1. Record the observations and LSTM outputs together with hand's velocity and acceleration, ball mass, size and friction, and trajectory radius. __Go to 2. to directly load the previously-obtained data__

In [None]:
PATH_TO_NORMALIZED_ENV = os.path.join(
    ROOT_DIR,
    "trained_models/curriculum_steps_complete_baoding_winner/32_phase_2_smaller_rate_resume/env.pkl",
)
PATH_TO_PRETRAINED_NET = os.path.join(
    ROOT_DIR,
    "trained_models/curriculum_steps_complete_baoding_winner/32_phase_2_smaller_rate_resume/model.zip",
)

config = {
"weighted_reward_keys": {
    "pos_dist_1": 0,
    "pos_dist_2": 0,
    "act_reg": 0,
    "alive": 0,
    "solved": 5,
    "done": 0,
    "sparse": 0
},
"enable_rsi": False,
"rsi_probability": 0,
"balls_overlap": False,
"overlap_probability": 0,
"noise_fingers": 0,
"limit_init_angle": 0,
"goal_time_period": [
    4,
    6
],
"goal_xrange": [
    0.02,
    0.03
],
"goal_yrange": [
    0.022,
    0.032
],
"obj_size_range": [
    0.018,
    0.021
],
"obj_mass_range": [
    0.03,
    0.3
],
"obj_friction_change": [
    0.2,
    0.001,
    2e-05
],
"task_choice": "random"
}

env_name = 'CustomMyoBaodingBallsP2'
render = False

envs = make_parallel_envs(env_name, config, num_env=1)
envs = VecNormalize.load(PATH_TO_NORMALIZED_ENV, envs)
envs.training = False
envs.norm_reward = False
custom_objects = {
    "learning_rate": lambda _: 0,
    "lr_schedule": lambda _: 0,
    "clip_range": lambda _: 0,
}
model = RecurrentPPO.load(
    PATH_TO_PRETRAINED_NET, env=envs, device="cpu", custom_objects=custom_objects
)

# EVALUATE
eval_model = model
eval_env = EnvironmentFactory.create(env_name, **config)   

num_episodes = 500

data_list = []
for n in range(num_episodes) :
    lstm_states = (np.zeros((1, 1, 256)), np.zeros((1, 1, 256)))
    cum_rew = 0
    step = 0
    obs = eval_env.reset()
    episode_starts = torch.ones((1,))
    done = False
    while not done:
        lstm_states_tensor = (torch.tensor(lstm_states[0], dtype=torch.float32).reshape(1, -1), torch.tensor(lstm_states[1], dtype=torch.float32).reshape(1, -1))     
        action, lstm_states = eval_model.predict(
            envs.normalize_obs(obs),
            state=lstm_states,
            episode_start=episode_starts,
            deterministic=True,
        )
        with torch.no_grad():
            features = eval_model.policy.extract_features(torch.tensor(envs.normalize_obs(obs)).reshape(1, -1))
            lstm_out, _ = eval_model.policy.lstm_actor(features, (lstm_states_tensor[0] * (1 - episode_starts), lstm_states_tensor[1] * (1 - episode_starts)))
            layer_1_out = eval_model.policy.mlp_extractor.policy_net[1](eval_model.policy.mlp_extractor.policy_net[0](lstm_out))
            layer_2_out = eval_model.policy.mlp_extractor.policy_net[3](eval_model.policy.mlp_extractor.policy_net[2](layer_1_out))
            action_pred = eval_model.policy._get_action_dist_from_latent(layer_2_out).mode().clip(-1, 1)

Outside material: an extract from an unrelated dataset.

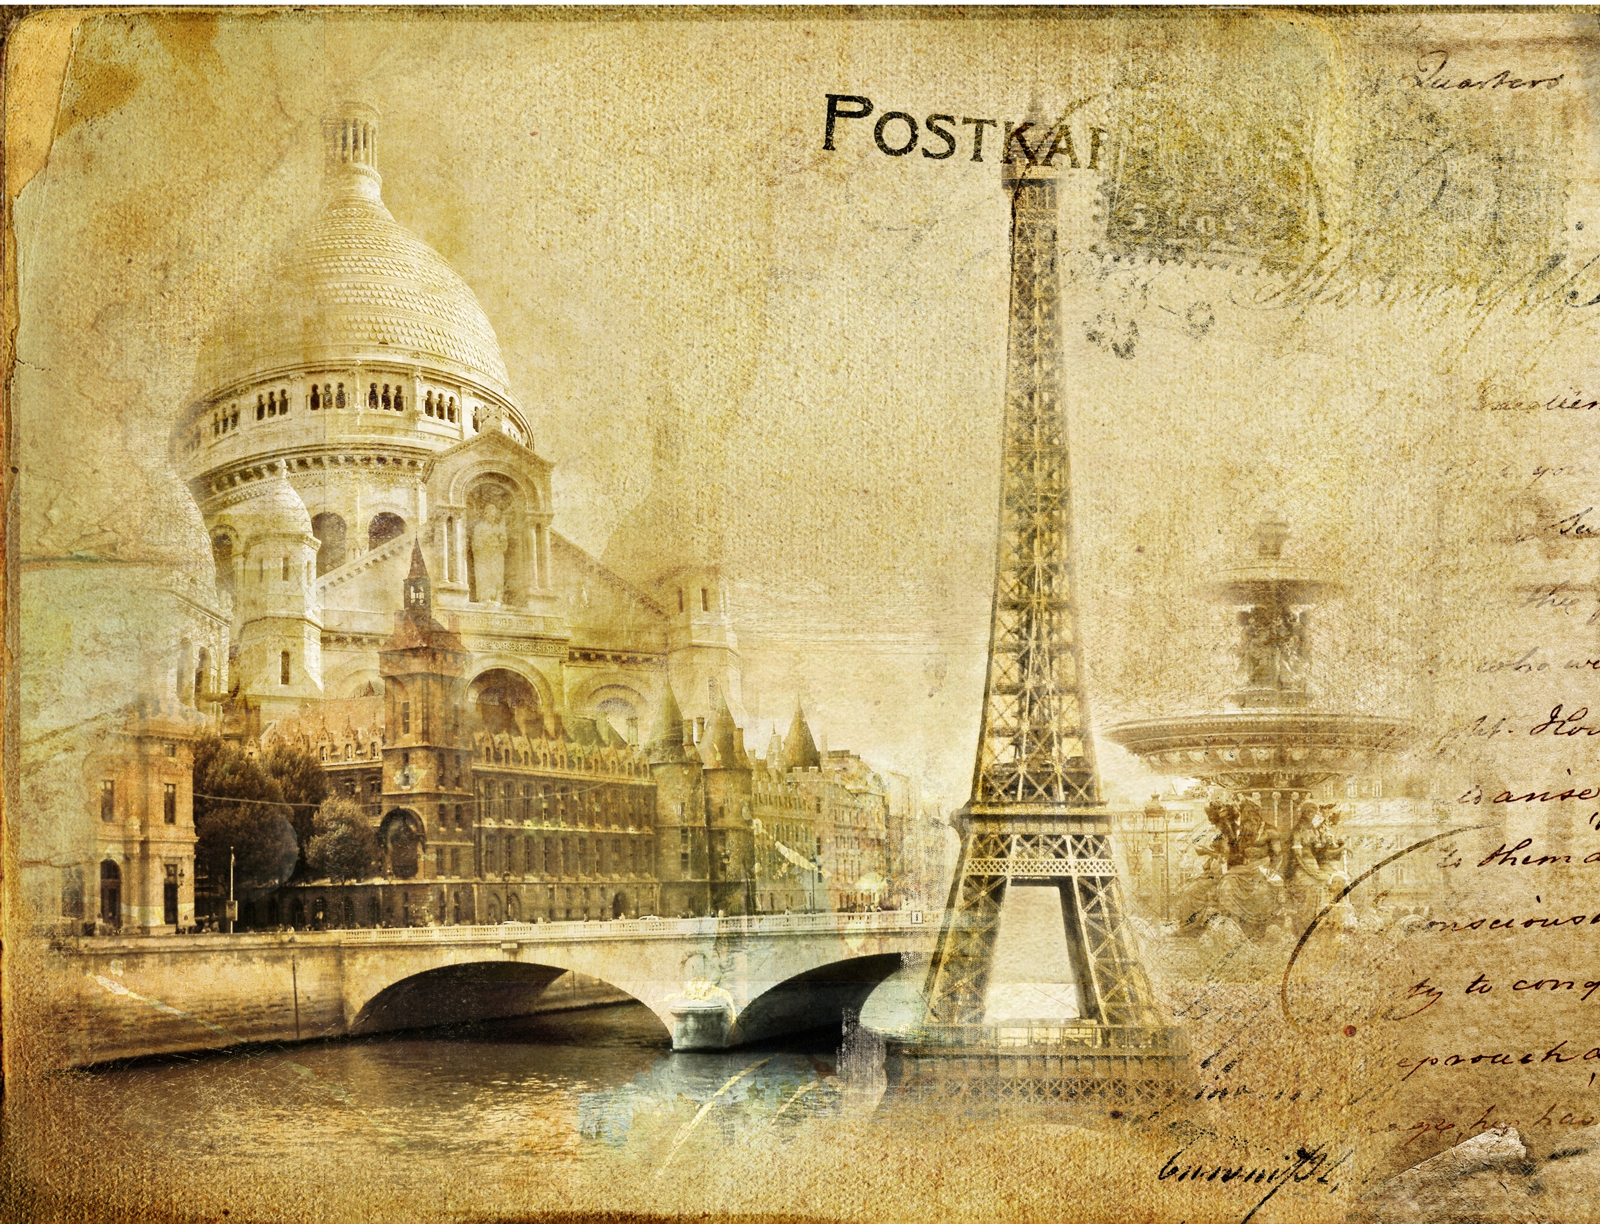 Leinwand Bild edel  Postkarte Paris Vintage
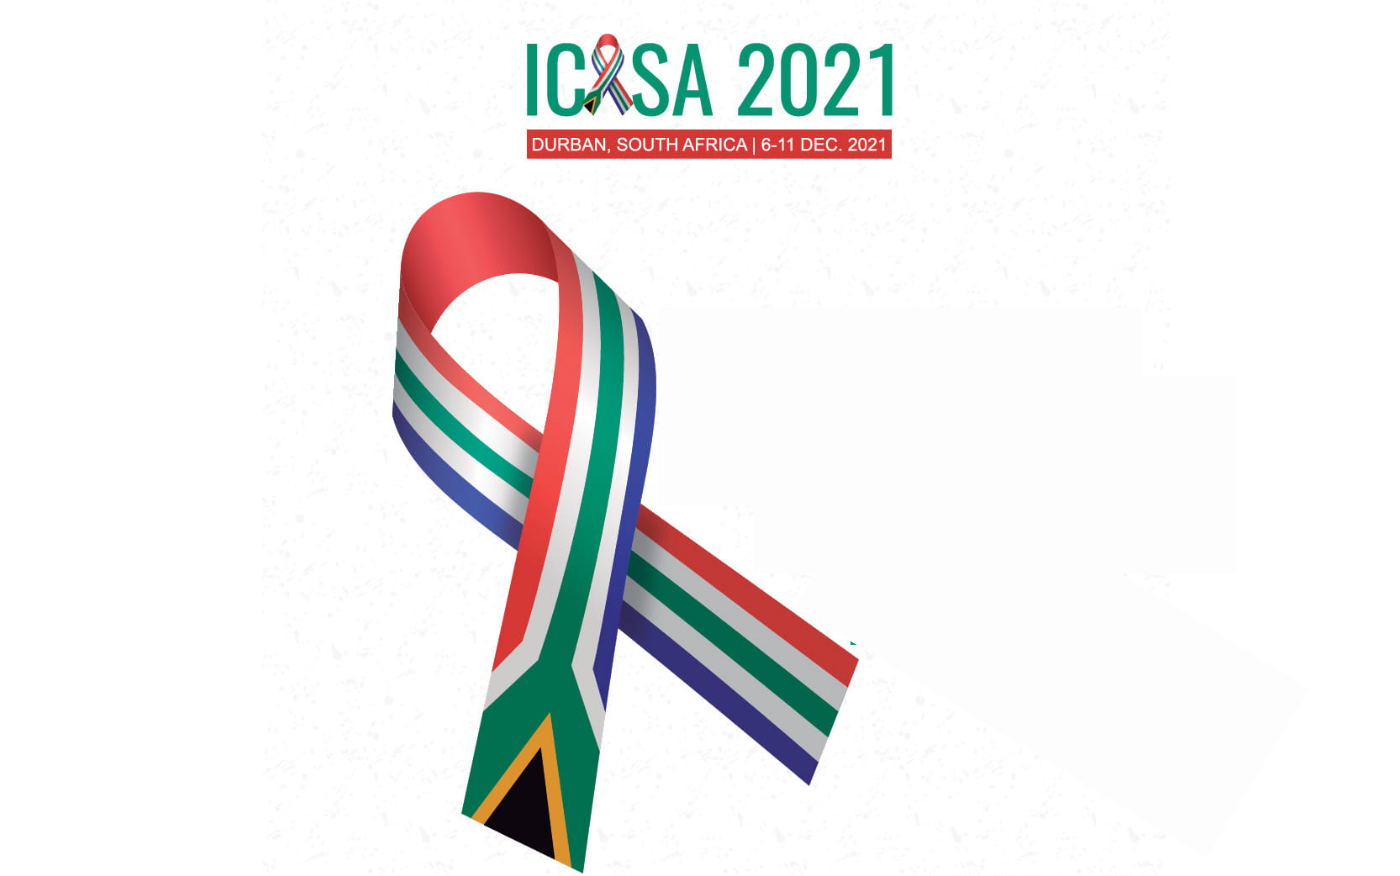 ITPC at ICASA 2021

        assert np.allclose(action_pred, action), print(action_pred, action)
        next_obs, rewards, done, info = eval_env.step(action)
        episode_starts = done
        cum_rew += rewards
        step += 1

        hand_pos = obs[0:23]
        hand_vel = (next_obs[0:23] - hand_pos) / 0.0025
        
        data_point = {
            'episode' : n, 
            'time step': step,
            'observation': envs.normalize_obs(obs),
            "lstm_state_0": np.squeeze(lstm_states[0]),
            "lstm_state_1": np.squeeze(lstm_states[1]),
            "lstm_out": np.squeeze(lstm_out.numpy()),
            "layer_1_out": np.squeeze(layer_1_out.numpy()),
            "layer_2_out": np.squeeze(layer_2_out.numpy()),
            "action": action,
            "mass_1": eval_env.sim.model.body_mass[eval_env.object1_bid],
            "size_1": eval_env.sim.model.geom_size[eval_env.object1_gid][0],
            "mass_2": eval_env.sim.model.body_mass[eval_env.object2_bid],
            "size_2": eval_env.sim.model.geom_size[eval_env.object2_gid][0],
            "friction_0": eval_env.sim.model.geom_friction[eval_env.object1_gid][0],
            "friction_1": eval_env.sim.model.geom_friction[eval_env.object1_gid][1],
            "friction_2": eval_env.sim.model.geom_friction[eval_env.object1_gid][2],
            "x_radius": eval_env.x_radius,
            "y_radius": eval_env.y_radius,
            "task": eval_env.which_task.value,
            "hand_pos": hand_pos,
            "hand_vel": hand_vel
        }
        data_list.append(data_point)
        obs = next_obs
    print("Reward:", cum_rew, "length:", step) 
        
df = pd.DataFrame(data_list)
df.to_hdf(os.path.join(ROOT_DIR, "data", "basecamp", "activation_df.hdf"), key="activations")            


2. Load the data

In [None]:
# # Load the file from Basecamp : 'lin_corr'
# params = pickle.load(open(os.path.join(ROOT_DIR, "data", "basecamp", "lin_corr"),'rb'))

# M=params['Mass']
# Ra=params['Radius']
# Fr=params['Friction']
# S=params['Size']
# VEL=params['Velocity']
# ACC=params['Acceleration']
# OBS=params['Observations']
# LSTM=params['LSTM']

3. __Go to 4. to directly access the previously-obtained data.__\
a. Compute the linear regression and the associated coefficient of determination\
b. Save the data 

In [None]:
# regression = sklearn.linear_model.LinearRegression()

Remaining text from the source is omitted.